I had every intention in the world to start out slow, I really, really did. I had planned for at least the first two or three kilometres to run a six minute to a six and a half minute pace, but the second my feet crossed the touch pad and my timing chip was activated I was in full on racing mode. And when I saw my Garmin clocking me at 5:15, 5:00, even a 4:45 at times, I tried to slow myself down, I really did, but my feet were not listening to my head. So, marathon training be damned, I went with it, and for about 95 per cent of the race, I felt awesome.

Along the course, I discovered a few things about myself:

1. I hate the rain. As Mario drove us to Toronto early Sunday morning, I was freaking out. The rain was beating down on the windshield, so hard, and I was having horrid flashbacks of the Portland Marathon where I was soaked inside and out. I kept silently repeating please let it stop, please let it stop. And it did, sort of. It was still cold as hell, the Globe and Mail dude even reported light snow flurries in with the drizzling rain, (of which I don’t recall ever seeing) but the torrential downpour had stopped, it was just a drizzle for the most part, and a drizzle I could handle.

2. I’m competitive as hell. When I couldn’t slow my legs down, and was feeling great at that speed, I decided to go for it. And the second I made that decision, I did not want anyone passing me. If someone tried passing me who I’d already passed, I pushed hard. And every time I came out of a walk break, I pushed even harder to get back to where I was before walking it out. If a walk break came on a downhill sprint, I ran through it and kept on running … that’s what you’re supposed to do on a long, slow, “training” run right 😉

3. Thank God I don’t load up on hydration the morning of the race. Some people may fault me for this, but given that I’ve got a teeny tiny bladder, so small that even the thought of a glass of water or the sight of one rain drop, could have me running to the loo, I’m thinking it’s a good tactic to take, especially after seeing that chick at not even 4 km in, running behind the dumpster, with her shorts already down to her knees before taking cover!

4. I don’t like pace bunnies. They seriously mess with my head. See, I see the one where I think I should be in line with and if she’s faster than me, it pisses me off (see point No. 2 above) and if I’m faster than her, I’m thinking I’m going too fast and am gonna burn out at some point. Where’s a fox when you need one?

5. Energy gels will be the death of me. I don’t know when it happened or how it happened, but at some point my body has decided it does NOT like the gels. It doesn’t like the Gu, it doesn’t like the Hammer, it doesn’t like the eLoad. I took my first gel at 45 minutes in with no adverse affects, but come the second gel, my stomach was revolting. It was churning and curdling, twisting and turning. I still had 3 or 4 km to go and if you’ve ever run with an upset stomach, you know it’s tough as hell. For about 2 km I thought I was dying. But the cheers of the crowds near the finish, and the words of both Mark Cavendish and Eminem telling me to push through the pain, somehow gave me that boost I needed and powered me right to the end.

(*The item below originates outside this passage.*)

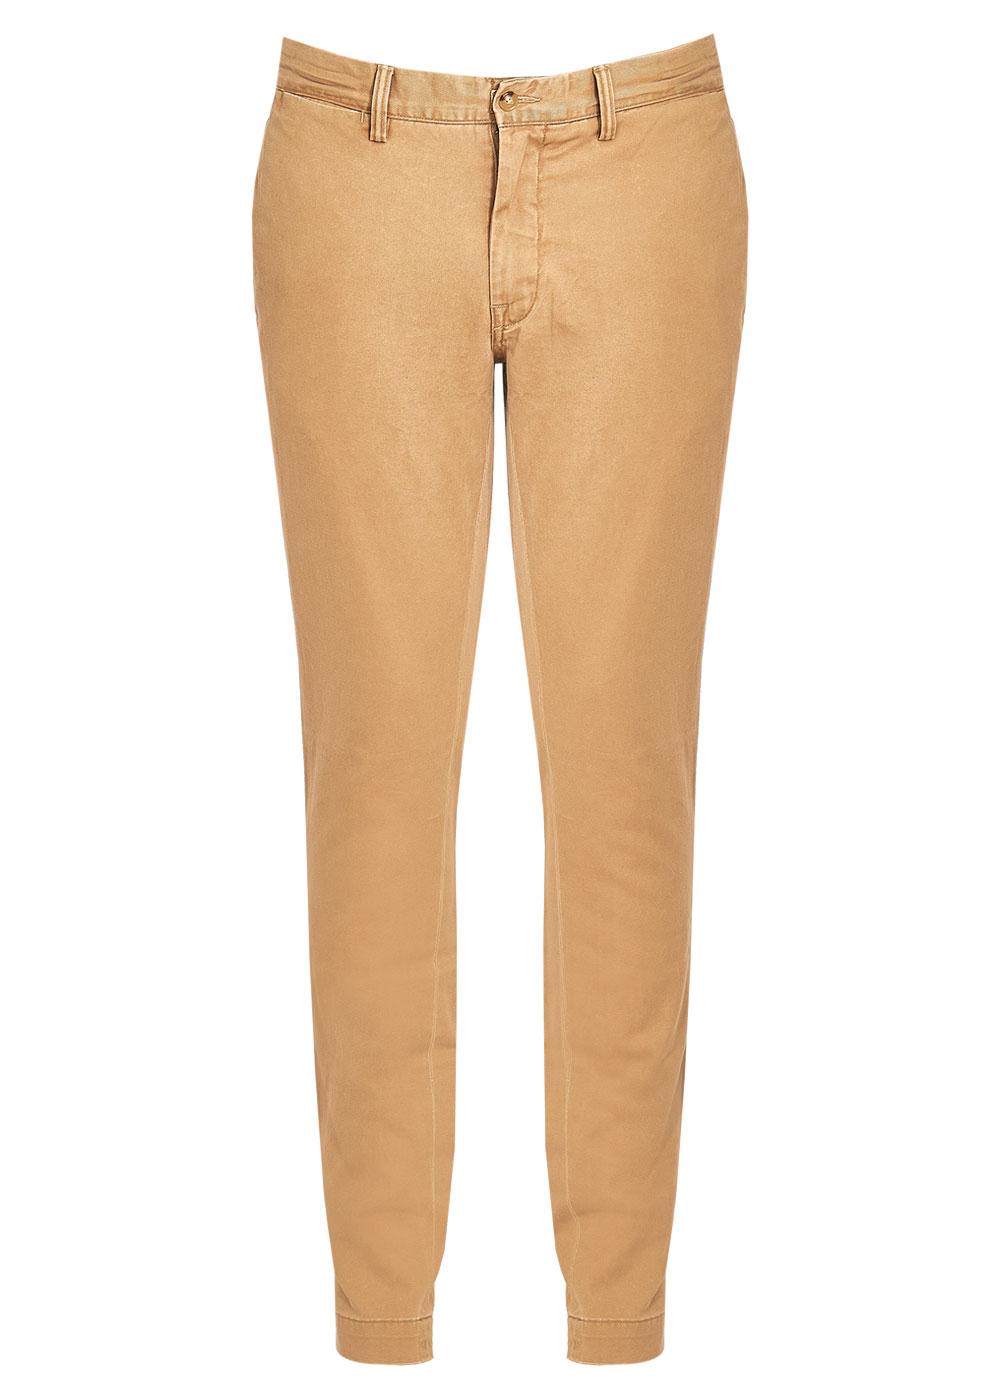 Купить Ralph Lаuren Polo брюки
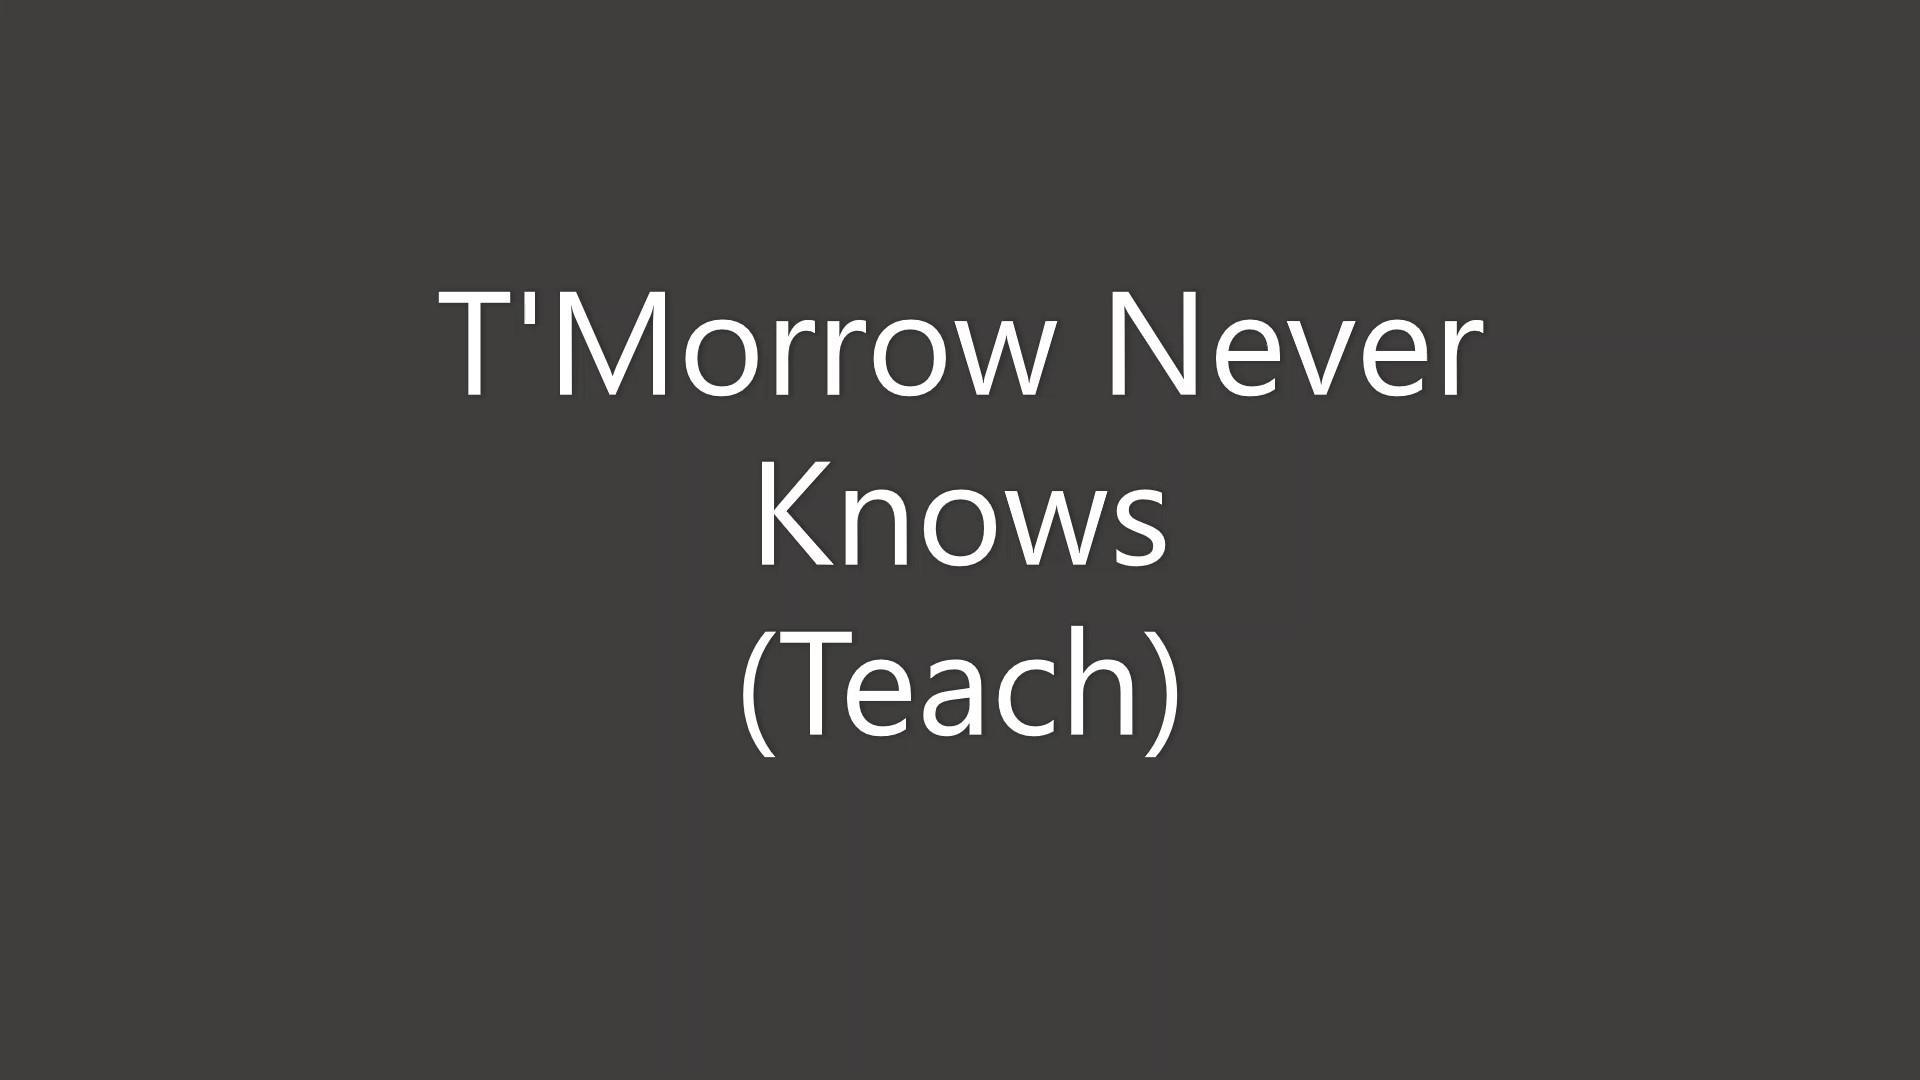 T'Morrow Never Knows Teach

Like I said, for 95 per cent of this run, I felt awesome. I couldn’t believe I was running this pace and feeling like it was nothing. At 10 km in, my Garmin read 56:01, beating out my previous personal best of 57:47. So when the pukey feeling hit, and I was forced to slow myself down, I was pissed, because before that, I was on par to cross the finish line with a sub 2:00:00 time!!! As it was, my Garmin gave me a 2:00:24 time, which in itself is pretty awesome for me, but alas, the chip time, technically the “official” time, clocked me in at 2:02:20. And as disappointed as I was at first, it was still a personal best, beating out my previous 2:06:00 time by nearly four minutes!!!

Now, how I’ll fair in my second marathon in a little over week’s time (eek!) well, we’ll see…


Compression socks = post-race recovery!